Although there’s not as much research on THCV as CBD or THC, scientists believe that it has significant medicinal potential.


CBG, or cannabigerol, is a non-psychoactive compound even at high doses. It is a non-acidic form of CBGA, the first cannabinoid to form in the plant.

Scientists first discovered cannabigerol in 1964. Like many other cannabinoids, CBG has promising medicinal potential.

In January 2015, for example, researchers from the Department of Biochemistry and Molecular Biology at the University of Madrid discovered that CBG could be beneficial in treating neurodegenerative diseases such as Huntington’s disease.

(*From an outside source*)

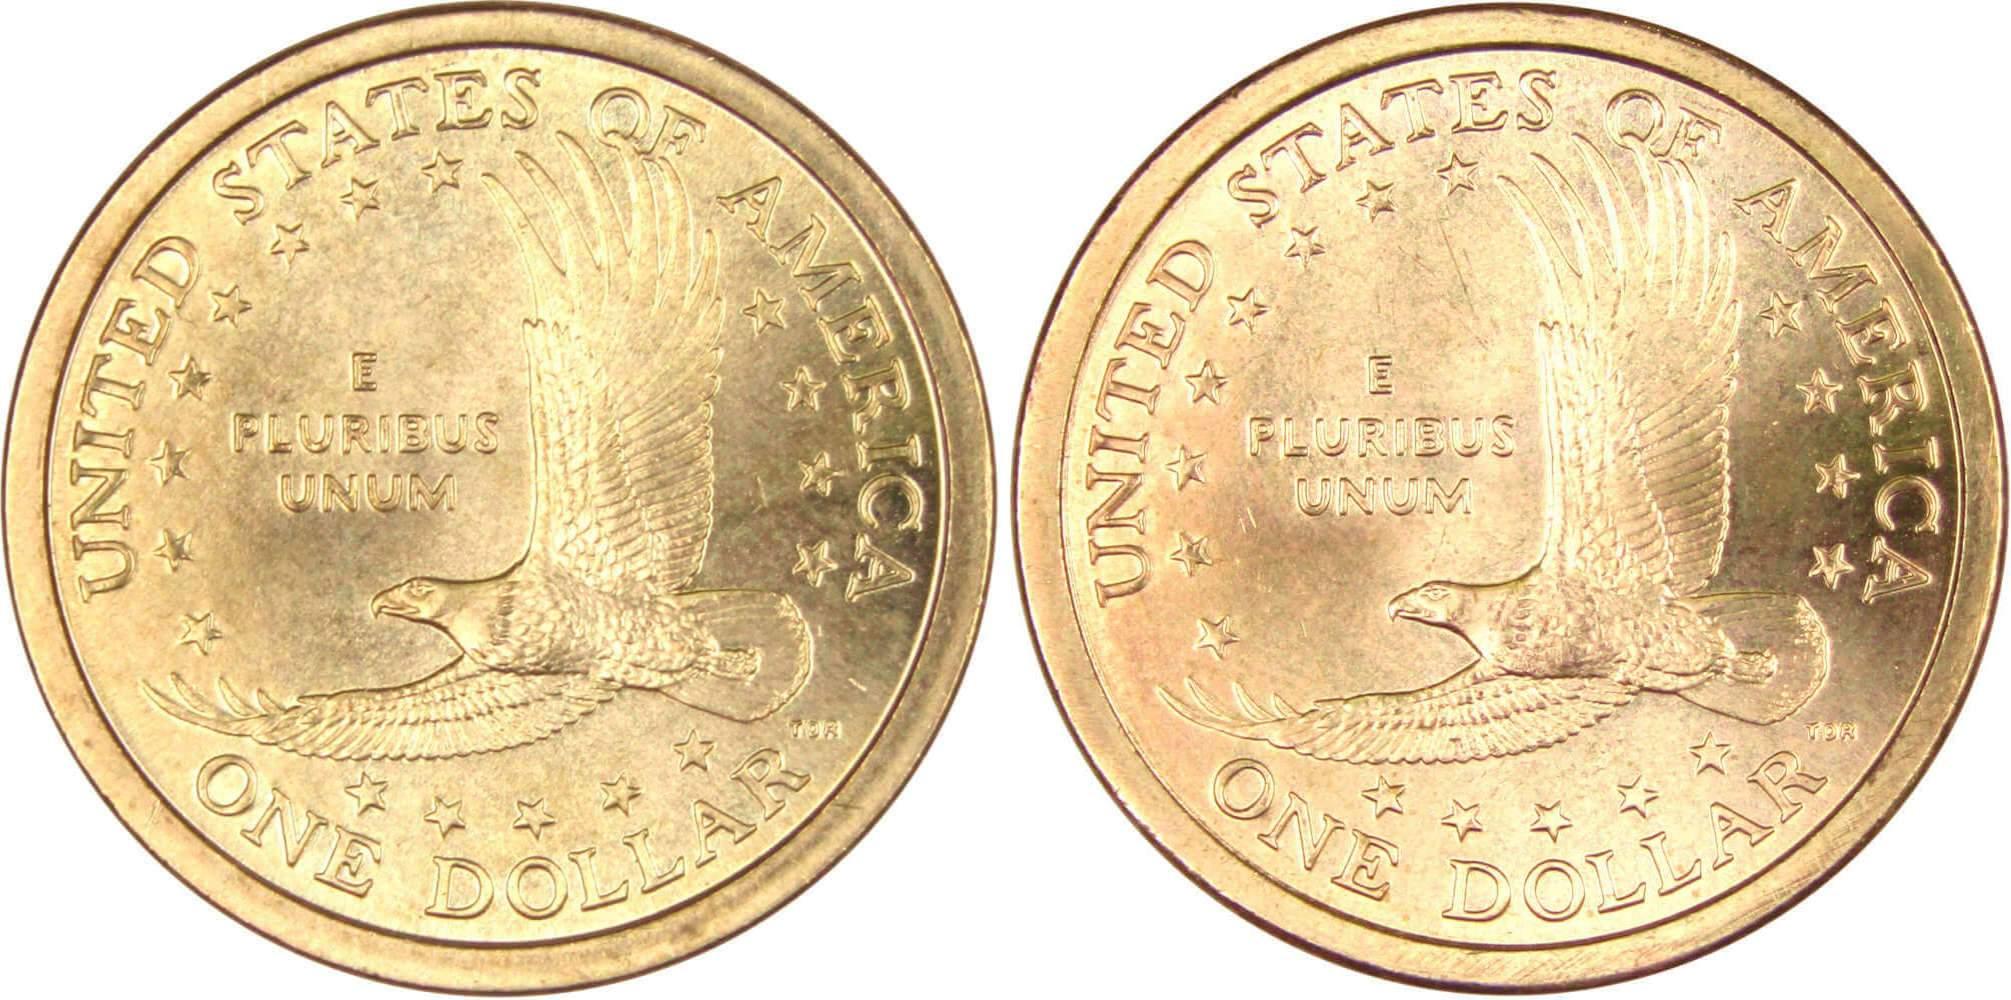 2001 P&D Sacagawea Native American Dollar 2 Coin Set BU Uncirculated $1

Unfortunately, CBG is also only found in trace amounts in modern strains (in concentrations of 1% or less). But with further research into cannabis and its compounds, this could change.

Lab Test Reports – Making the Weed Industry a More Serious One.

Now that we know how to interpret a cannabis lab report and know the most crucial information these certificates provide, we can understand how their existence is highly beneficial to the cannabis industry.

Many people are reluctant to leap to try cannabis-based products for fear that they may cause undesirable effects or fear not knowing what they contain.

With the existence of the COA, these problems are greatly diminished since these certificates are provided by third-party labs that will give an unbiased and highly accurate result on cannabis products.